He’s made his bed; this is him lying in it.
He gets as far as the hill overlooking the practice fields before he’s stopped by a loud “Kuramochi” calling out to him from several paces behind. It’s Miyuki’s voice. Youichi doesn’t turn, but he doesn’t keep walking either. His body falls into limbo, caught between what he wants and what he tells himself he doesn’t need.
Miyuki’s quick to catch up.
“You gonna tell me what the fuck that was?” Youichi asks, back still to Miyuki. He refuses to turn around, refuses to give the other boy the satisfaction of seeing his cheeks flushed from more than just the winter air whipping around them. The streetlamp glowing dimly above feels like a spotlight, as if he’s the centerpiece of a circus act begging to be gawked at.
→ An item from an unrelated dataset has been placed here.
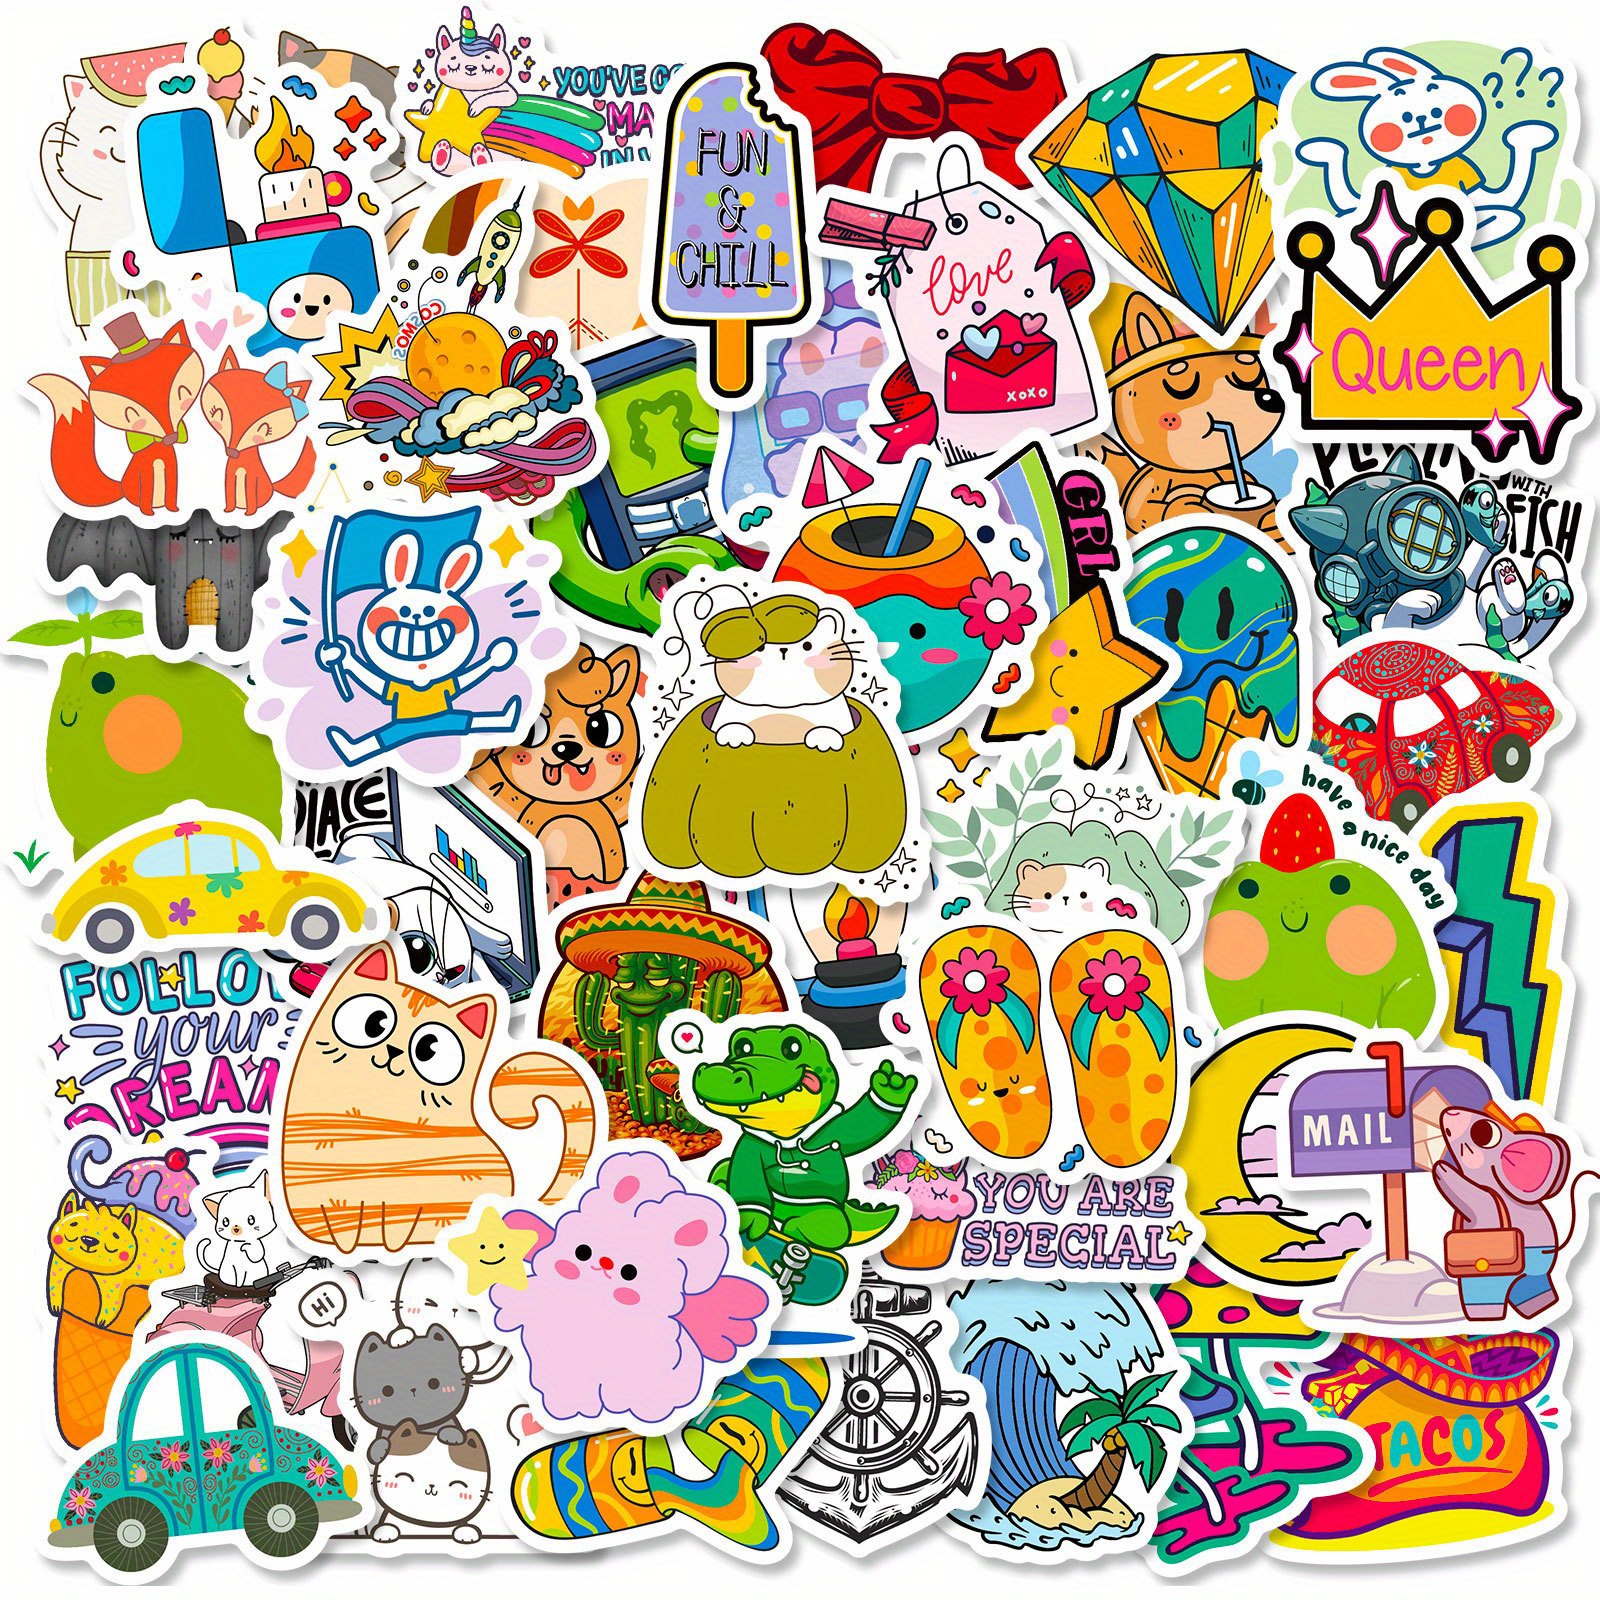 50 Pcs Funny Stickers Fun Cute Decal Sticker Mixed Graffiti
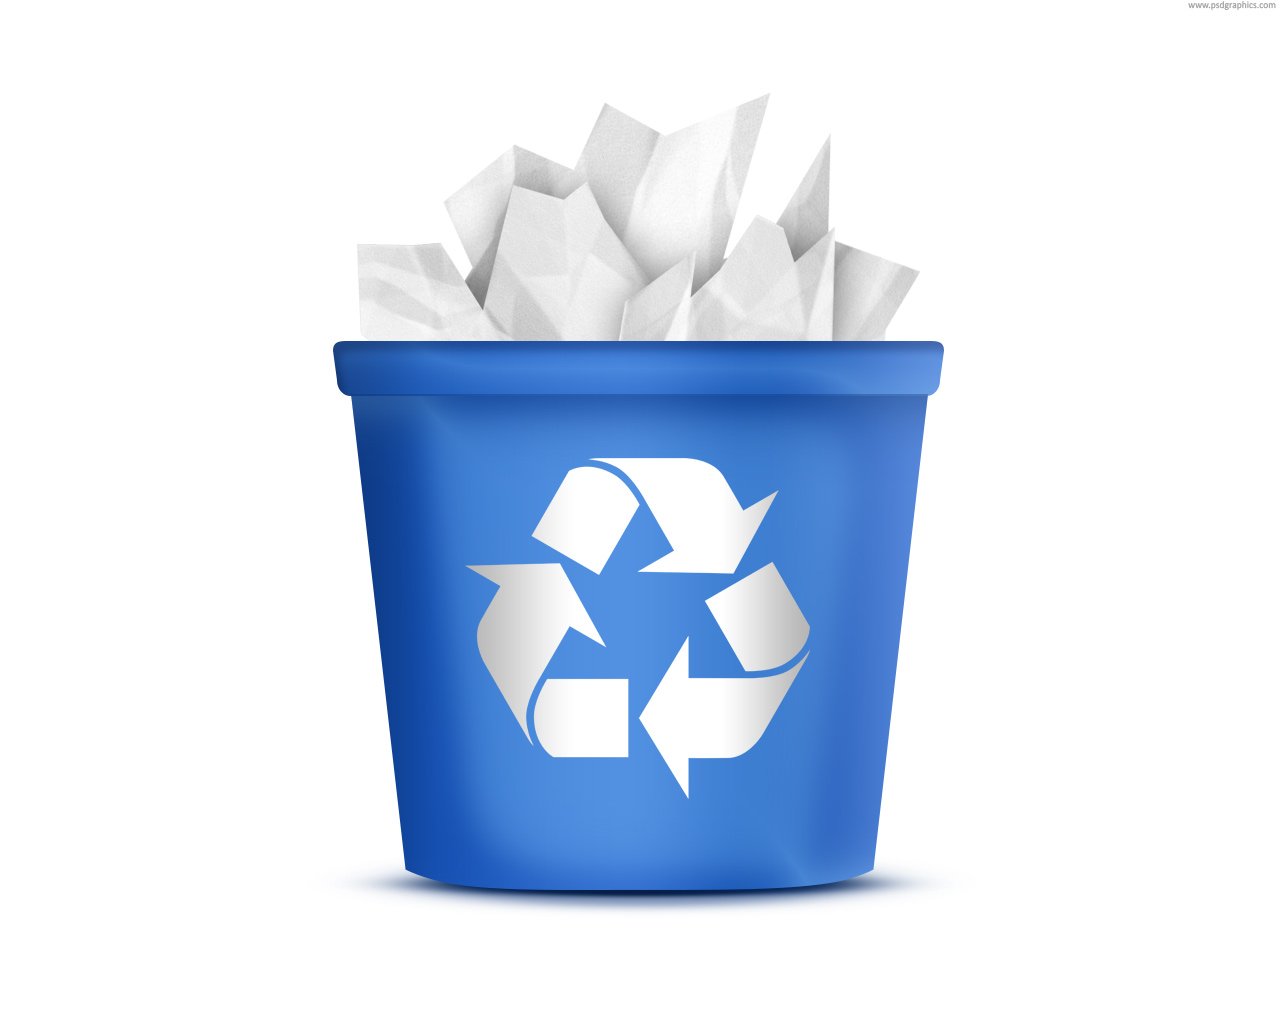 recycling-bin-icon.jpg

Might as well be, he thinks.
The ringing in his ears has yet to subside; hands, now hiding in the pockets of his sweatpants, remain fisted, crescent moons sinking deeper into shaky palms. The world is off-kilter, and only grows more dangerously so when Miyuki says: “It seemed obvious to me. You dared me to kiss the person in the room that I liked.”
“Yeah,” Youichi tries to keep his voice even. “But you kissed me.”
“I know.”
Oh.
Oh.
Youichi gives in, nearly losing his footing on the slushy path beneath him when he finally turns around. There’s a plethora of things he could say waiting on his tongue, but when he sees the look on Miyuki’s face, he finds himself unable to utter anything more eloquent than: “What the fuck, Miyuki?”
“I’m not repeating myself.”
They stand there a moment, absorbed by the stillness of the winter night. Youichi’s body has gone numb—likely due to the cold, but not completely unrelated to the confession he can’t bring himself to give. Miyuki has resigned himself to silence, too. Teeth chatter; shoulders shiver.
They’re each too stubborn to relent, to end the cold war that currently wages between them—both literally and figuratively, as if hypothermia is preferable to admitting their feelings. Youichi thinks it almost is. Almost.
The bit of rain-snow sludge that rolls down his neck and slips underneath the back of his shirt gives him just enough sense to say, “Sorry, I’m just…you like me? Like…romantically?” It sounds like an accusation.
“It’s not like I want to,” Miyuki quickly shoots back.
“Fuck.”
“What?”
He doesn’t know why he says it, or maybe he does; but there’s no going back when Youichi looks at Miyuki and tells him: “Because I like you too, moron.”
It’s Miyuki’s turn to stand there, slack-jawed and awkward. The rain-snow mixture has picked up, coming down heavier than when they first left the dorm. The water droplets that stick to Miyuki’s glasses prevent Youichi from fully seeing the look in his eyes. He doesn’t have to, though; the rest of the catcher’s body language tells him everything he needs to know. He’s embarrassed.
Good, Youichi thinks while he waits for a response. If they’re going down, they might as well go down together.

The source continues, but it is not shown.